Besides drugs, antibiotics, and probiotics, diet may be a major factor affecting microflora’s composition. Because the diet is rich in many nutrients, the metabolic pathway in the body also covers the whole body. People may be more willing to eat to improve the disease than to take antibiotics or probiotics. Thus, all human studies should have good dietary data to better understand the relationship between diet, microbiome composition, and the brain. The effects of dietary composition and metabolites produced by microorganisms on host physiology and health are attracting increasing attention, which is particularly important in promoting the development of non-drug therapy.
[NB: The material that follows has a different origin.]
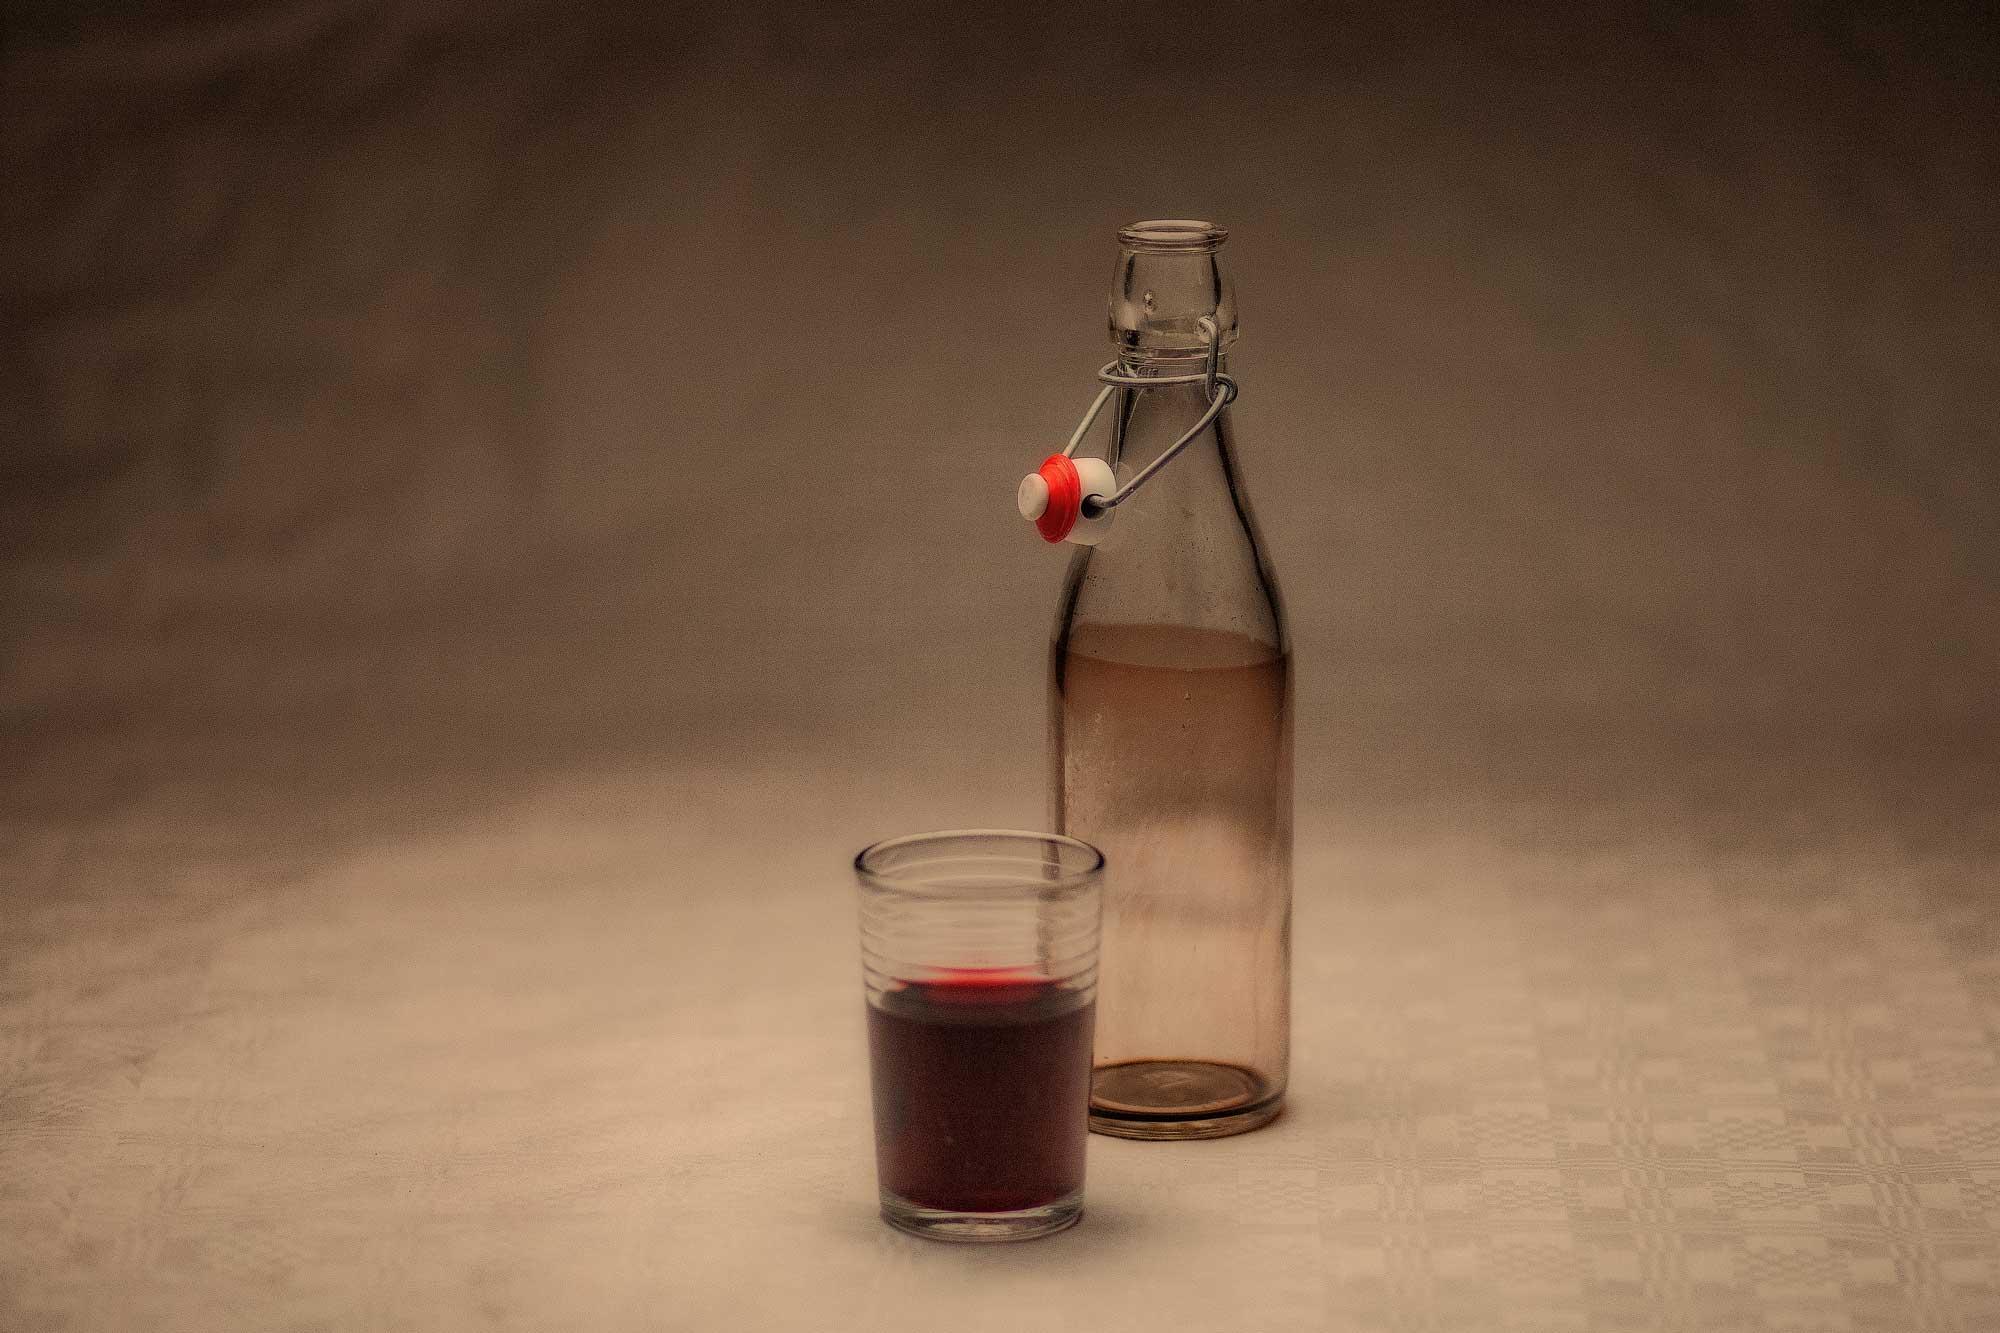 Walnusswein, vin de noix, vino alle noci

In addition, infection is also closely related to AD. Some researchers have suggested that herpes simplex virus type 1 (HSV1) is a strong risk factor for AD. It was reported that Aβ plaques accumulated in HSV1-infected cell cultures and mouse brains [138], and the risk of dementia significantly increased in patients infected with HSV, which can be reduced after antiherpes drug treatment [139]. In addition, studies have shown that chronic spirochete infection can lead to brain atrophy and amyloid deposition, which cause progressive dementia, and various types of spirochetes can be detected in the brain tissues of AD patients, including B.Burgdorferi and six kinds of periodontal pathogenic spirochetes (T.scranskii, T.ectinovorum, T.denticola, T.media, T.mylovorum, and T.amerlovorum.) [140]. It was determined that spirochete induction in vitro could increase the level of Aβ, Aβ deposition, and tau phosphorylation, which significantly correlated with AD [140]. AD is also significantly associated with cytomegalovirus, herpesviridae, Chlamydia pneumoniae, and Helicobacter pylori [141]. These pathogens can not only escape the destruction of the host immune system, leading to persistent infection and increasing the expression of pro-inflammatory factors, but activate the immune system, leading to Aβ deposition, tau protein phosphorylation, neuronal damage, and apoptosis [141]. To summarize, both microbial and viral infections are inextricably linked with AD.

In addition, changes in drinking [142], smoking [143], exercise [46], circadian rhythm [144], and sleep [145] also affect the composition of microflora. AD is a complex chronic disease whose etiology is complicated, making research challenging. Therefore, many possible treatment strategies have been put forward in the research process. This study proposed an innovative strategy in AD treatment, which involves a long-term dietary adjustment in conjunction with drug treatment and adjuvant therapy with probiotics or antibiotics to regulate intestinal flora. The implementation of this idea needs to be done in the future, and several aspects need to be studied.

First, research needs to be done to determine when the intestinal flora will change and whether it is before or after the onset of AD. Second, the role of metabolites of intestinal microbiota, such as SCFAs, in AD needs to be studied. Third, an investigation needs to be conducted to examine whether neurotransmitters of the intestinal microbiota are involved in the central pathological process of AD. Finally, a study should be done on how external interventions can accurately reconstruct the balance of micro-ecosystems to treat AD. In clinical trials, more emphasis must be placed on antibiotics, probiotics, and potential fecal microbiome transplantation interventions. Although the composition and distribution of different animal species are similar to those of human intestines, there are significant differences in the complexities of animal and human intestinal microbiota. Therefore, more clinical studies are needed to understand the mechanisms.

Intestinal microbiota, known as a “forgotten organ,” is a new area for research on AD and other neurodegenerative diseases. With deeper research, the pathological mechanisms of intestinal biota will be gradually revealed. Furthermore, progress may be made in the early diagnosis and development of new therapeutic targets and drugs for AD treatment.